§ **Your assignment**:
The entries below contain a stretch that opens with the line containing "Die News der KW 27 - FinTech Podcast #214" and closes with the line containing "Dell Active Pen - PN5122W-F5NFM"; set down that stretch exactly, both ends included, and nothing else.

++++ Records provided ++++

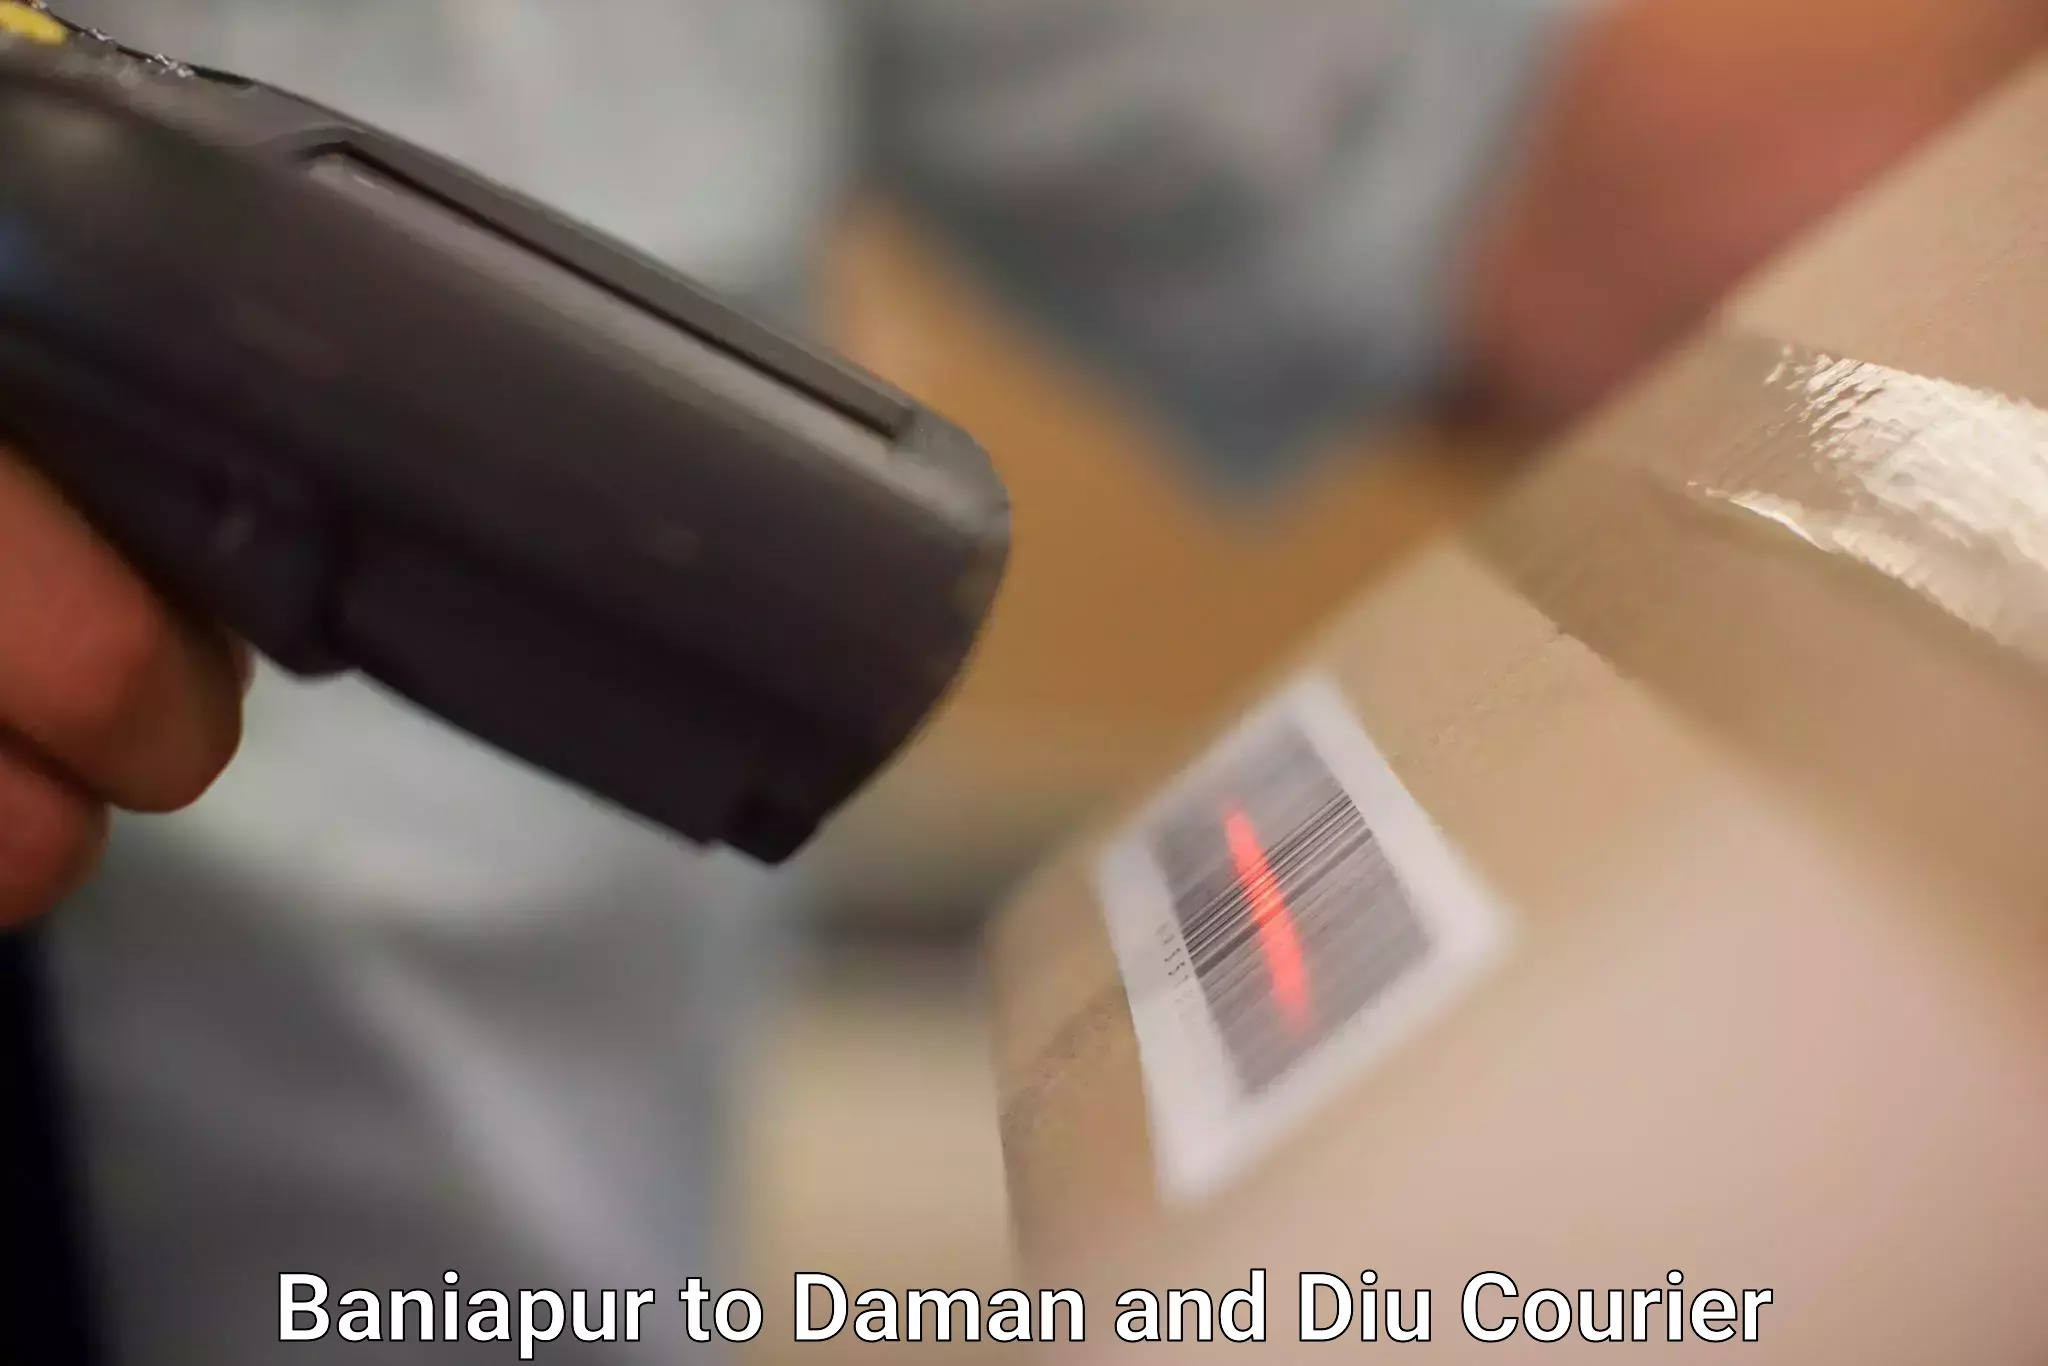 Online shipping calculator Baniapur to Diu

++++
++++ Records provided ++++

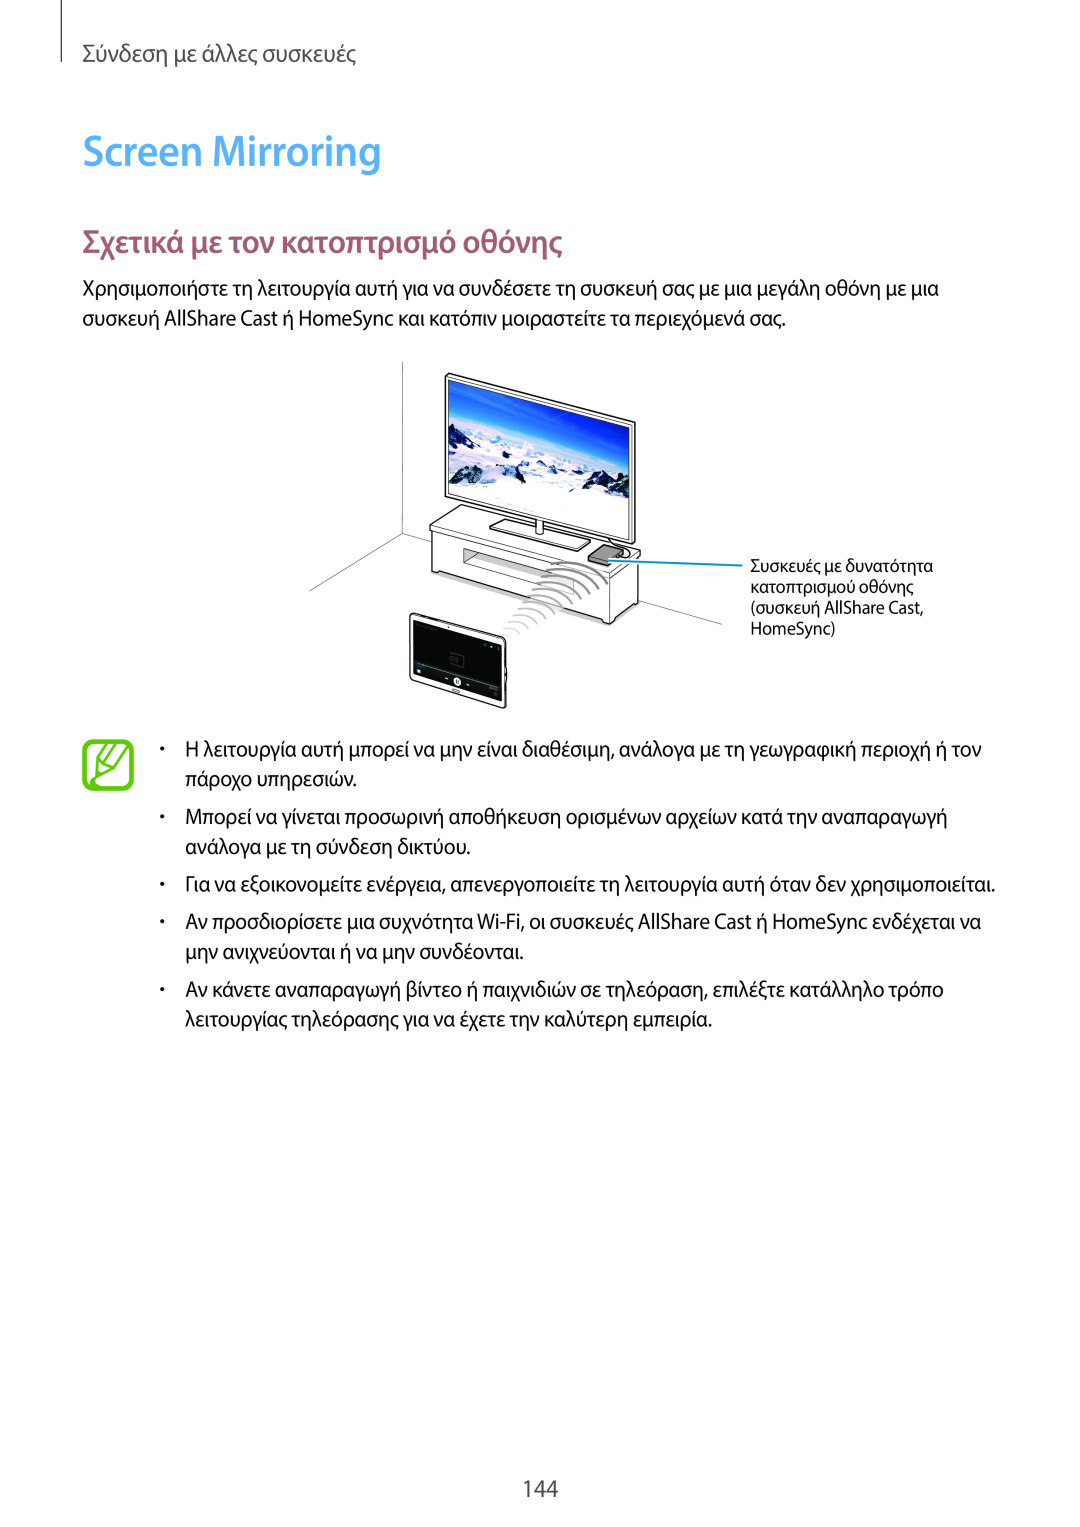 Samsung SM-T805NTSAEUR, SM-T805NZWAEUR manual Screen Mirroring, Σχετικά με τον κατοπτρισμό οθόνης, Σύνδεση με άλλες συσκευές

++++
++++ Records provided ++++

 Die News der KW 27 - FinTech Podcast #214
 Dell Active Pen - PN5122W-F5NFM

++++

§ **Solution to this task**:
 Die News der KW 27 - FinTech Podcast #214
 Dell Active Pen - PN5122W-F5NFM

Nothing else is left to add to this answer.